Heat is the big story. Heat waves and heat domes periodically have gripped regions of the country. The Energy Information Administration’s natural gas report for the week ending July 10 contained some interesting data. A table in the report included heating and cooling degree days for each region of the country, as well as the national total.
It showed all regions except the West South Central and Pacific regions experienced double-digit increases over normal for the week. The four regions experiencing the largest increases above normal were New England, Middle Atlantic, and East North Central with increases of 19, 23, and 22, respectively. However, when weekly cooling degree days were measured against the same week a year ago, New England and Middle Atlantic were down 14. Only the East North Central increased. That reminds us how little we remember about the past.

Additionally, the report commented on the heat wave in the New England and Middle Atlantic regions. With temperatures in Boston reaching a high of 95ºF on July 16, the heat index at 100ºF, and planned maintenance on the Algonquin Gas Pipeline, gas prices rose by $6.81 per million British thermal units to $9.74. On July 15, prices reached a high of $13.25/MMBtu. In contrast, in the Middle Atlantic, the heat wave caused gas prices to rise by only $0.72 from $2.78 to $3.50/MMBtu.
While pipeline operators serving New York indicated constraints on their systems were a problem, the greater Middle Atlantic pipeline capacity explained the dramatically different gas price response to the heat wave. Soaring gas prices in Boston were a direct result of the limited pipeline capacity in New England compared to the Middle Atlantic and other regions. Fortunately, there were no power blackouts or heat disasters.

The US is fortunate to have such a massive pipeline network.
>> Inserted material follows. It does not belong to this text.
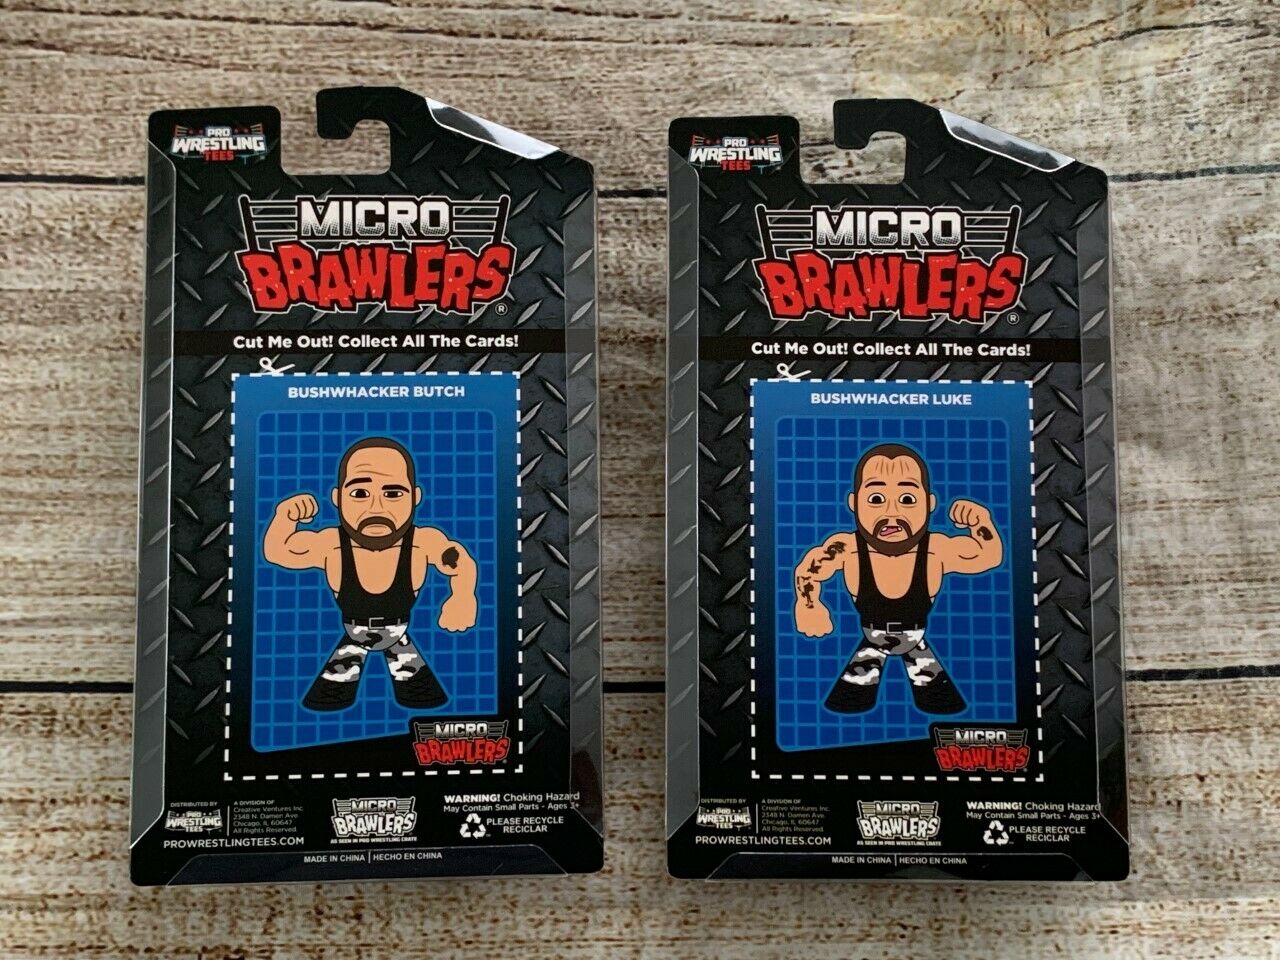 2022 Pro Wrestling Tees Micro Brawlers Limited Edition The

It comprises roughly three million miles of mainline and other pipelines connecting producing basins with gas storage facilities and customers. Almost all natural gas moves through pipelines and serves nearly half the nation’s energy customers. We can thank the visionaries who built pipelines from Texas, Oklahoma, and Louisiana to the Northeast, Middle Atlantic, and Midwest regions in the 1950s and 1960s.
Heat, LNG, and storage will continue to drive the gas narrative this summer, with the added complication of hurricane season. So far, gas prices have remained at the bottom of their most recent trading range and are likely to stay there, absent some unforeseen event.